▸ **Your goal**
Reproduce exactly, and only, the lines of the material below running from the line bearing "Part of the" through the line bearing "February 2015 - Calendar". Leave any pictures out.

▸ **Data**
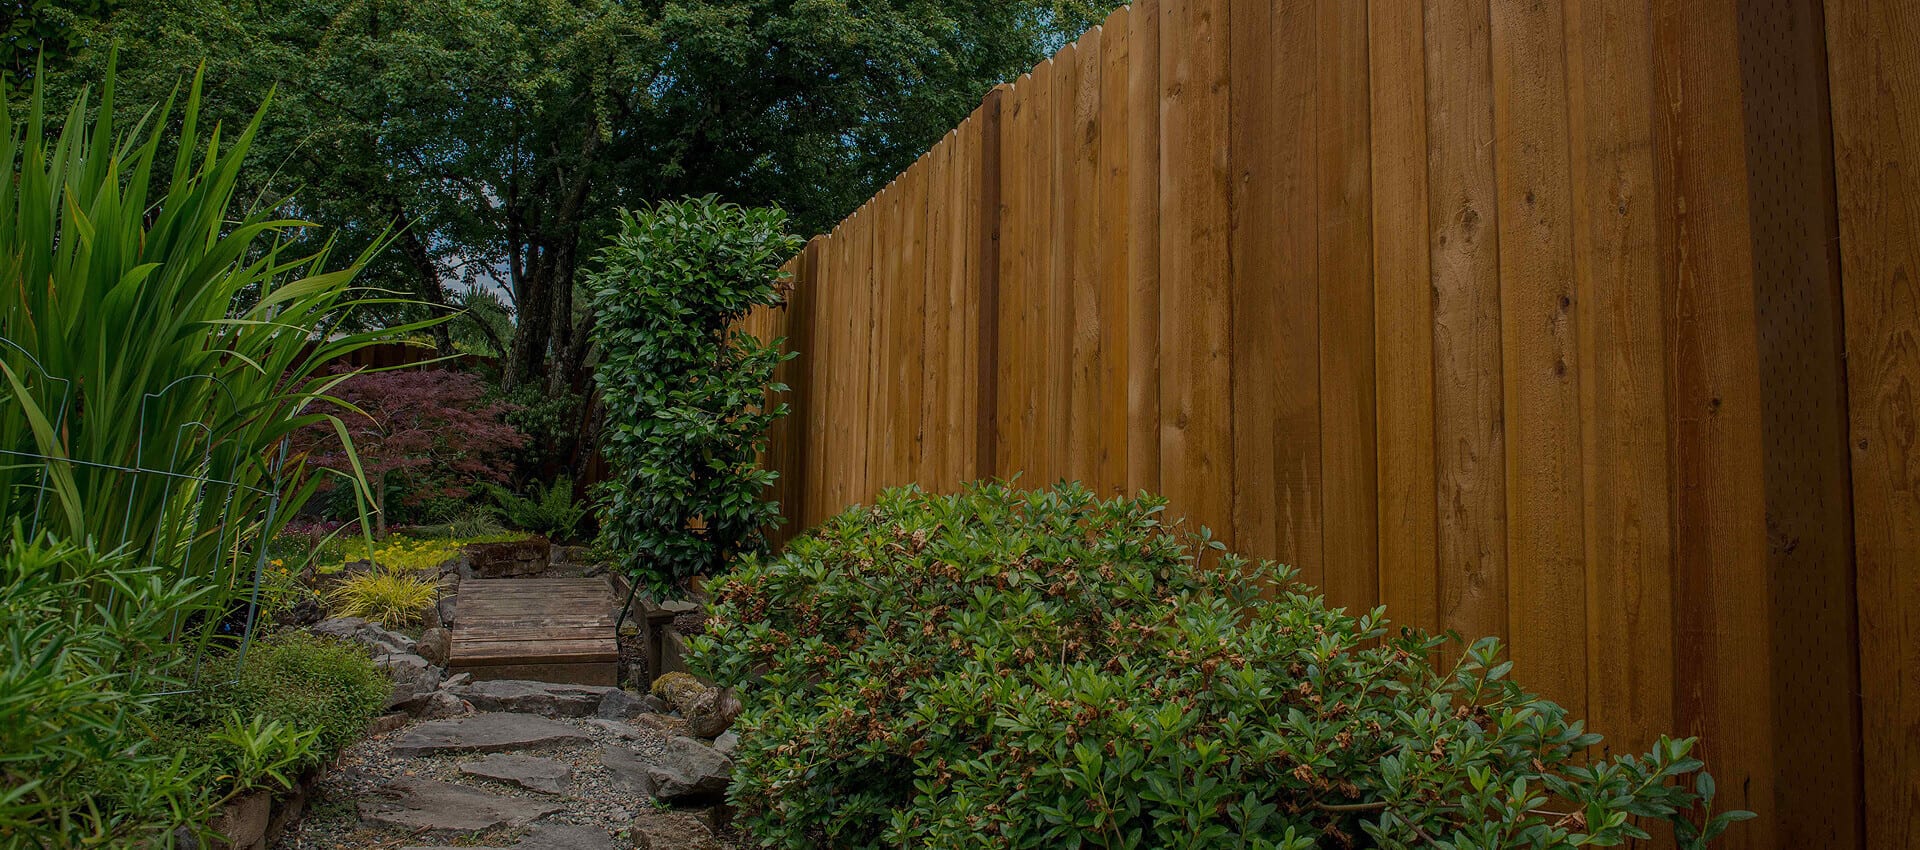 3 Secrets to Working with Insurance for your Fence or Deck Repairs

--

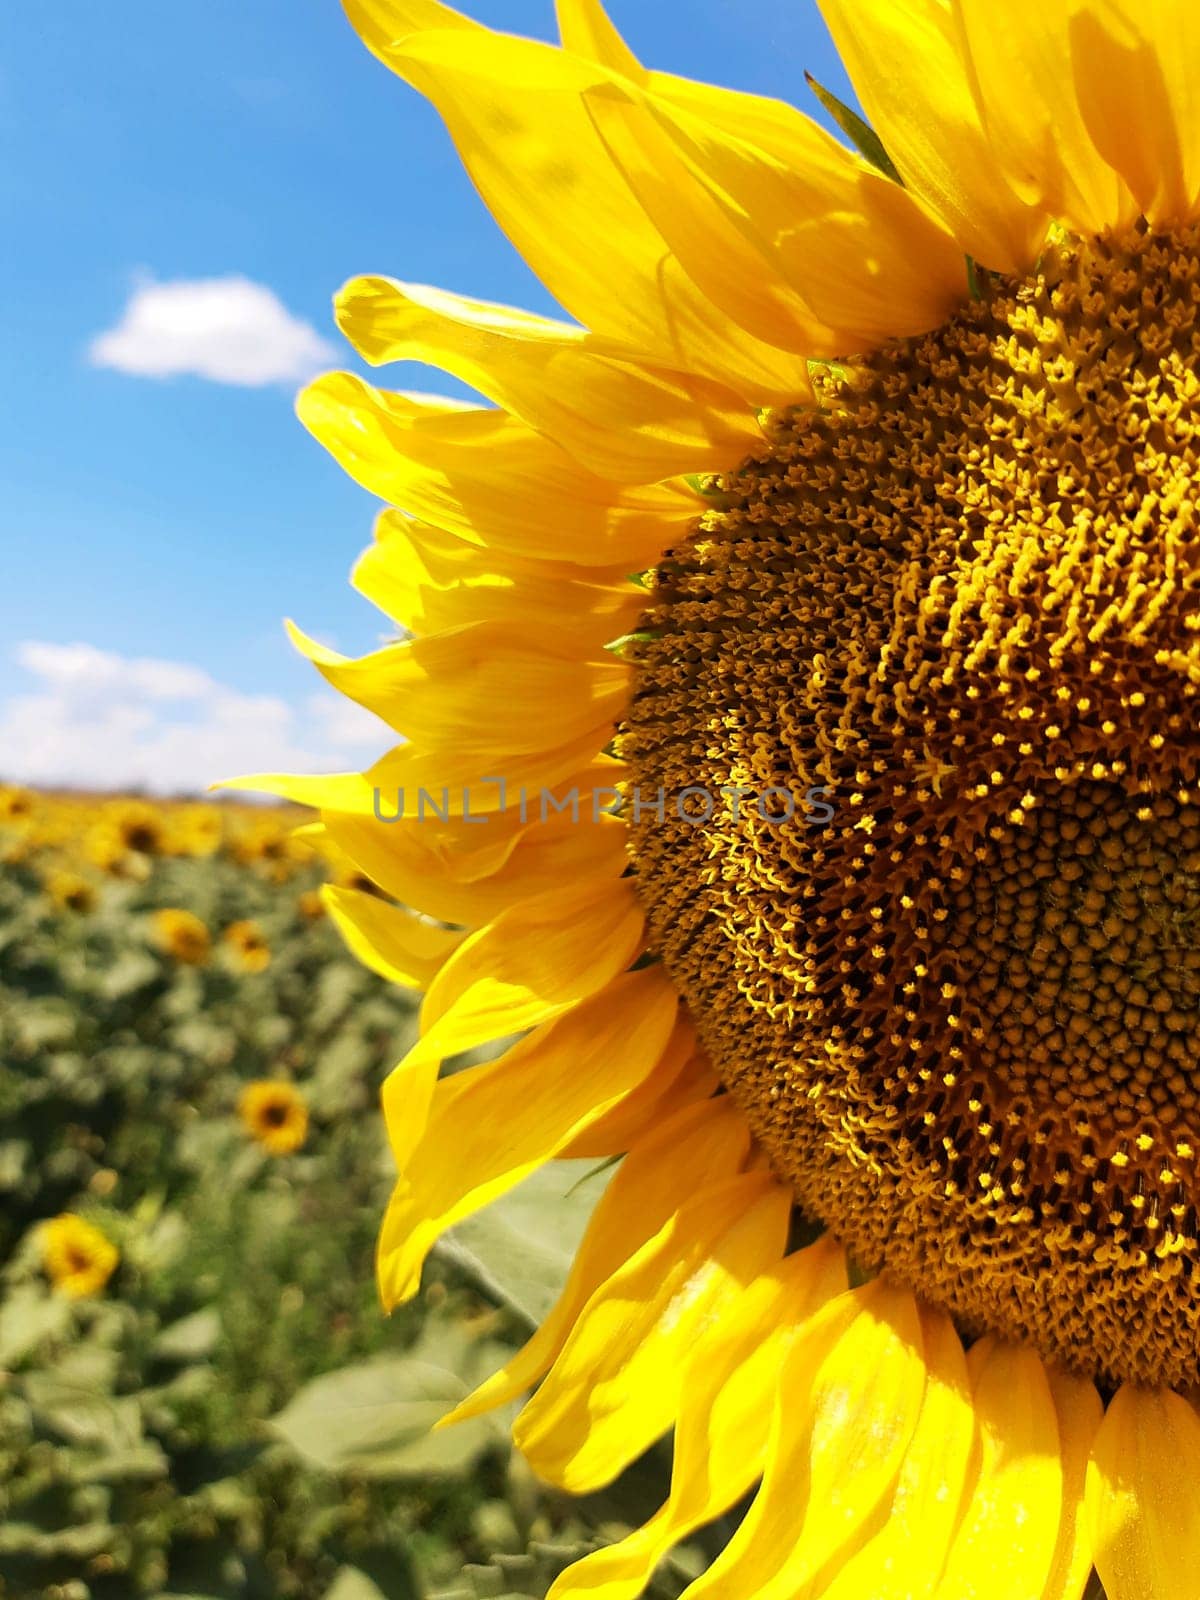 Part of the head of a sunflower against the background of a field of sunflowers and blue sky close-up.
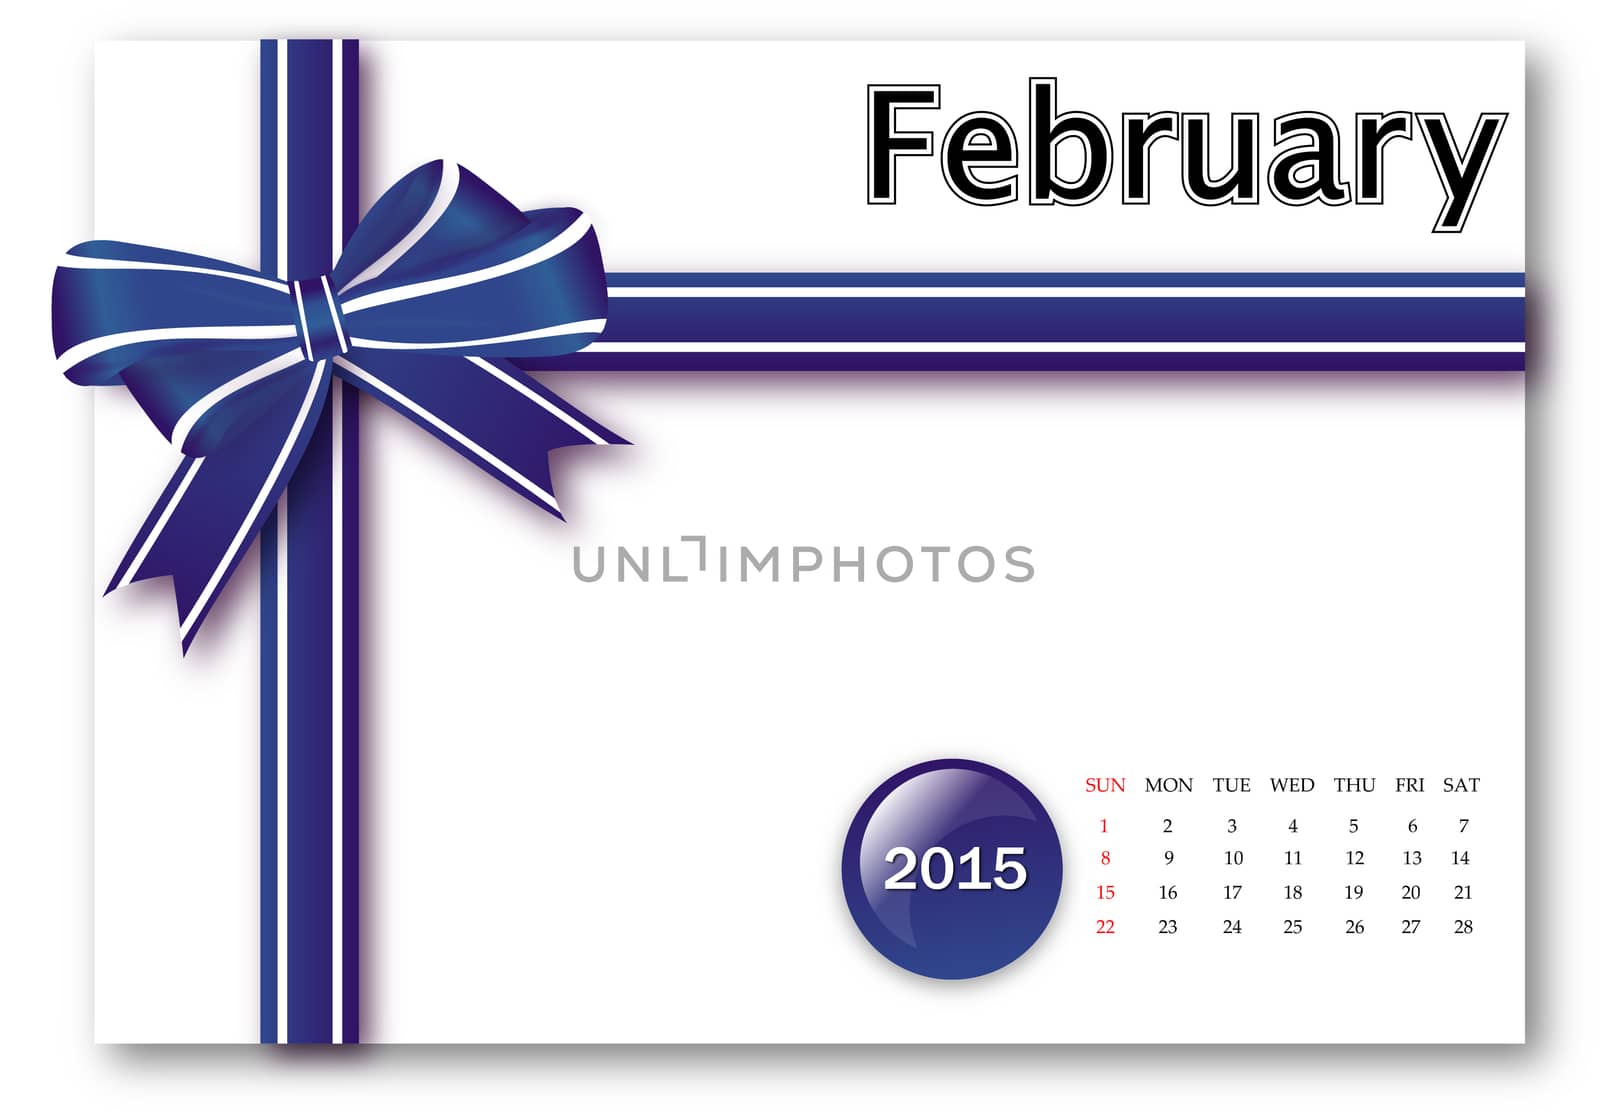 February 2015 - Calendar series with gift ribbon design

▸ **Answer box**
 Part of the head of a sunflower against the background of a field of sunflowers and blue sky close-up.
 February 2015 - Calendar series with gift ribbon design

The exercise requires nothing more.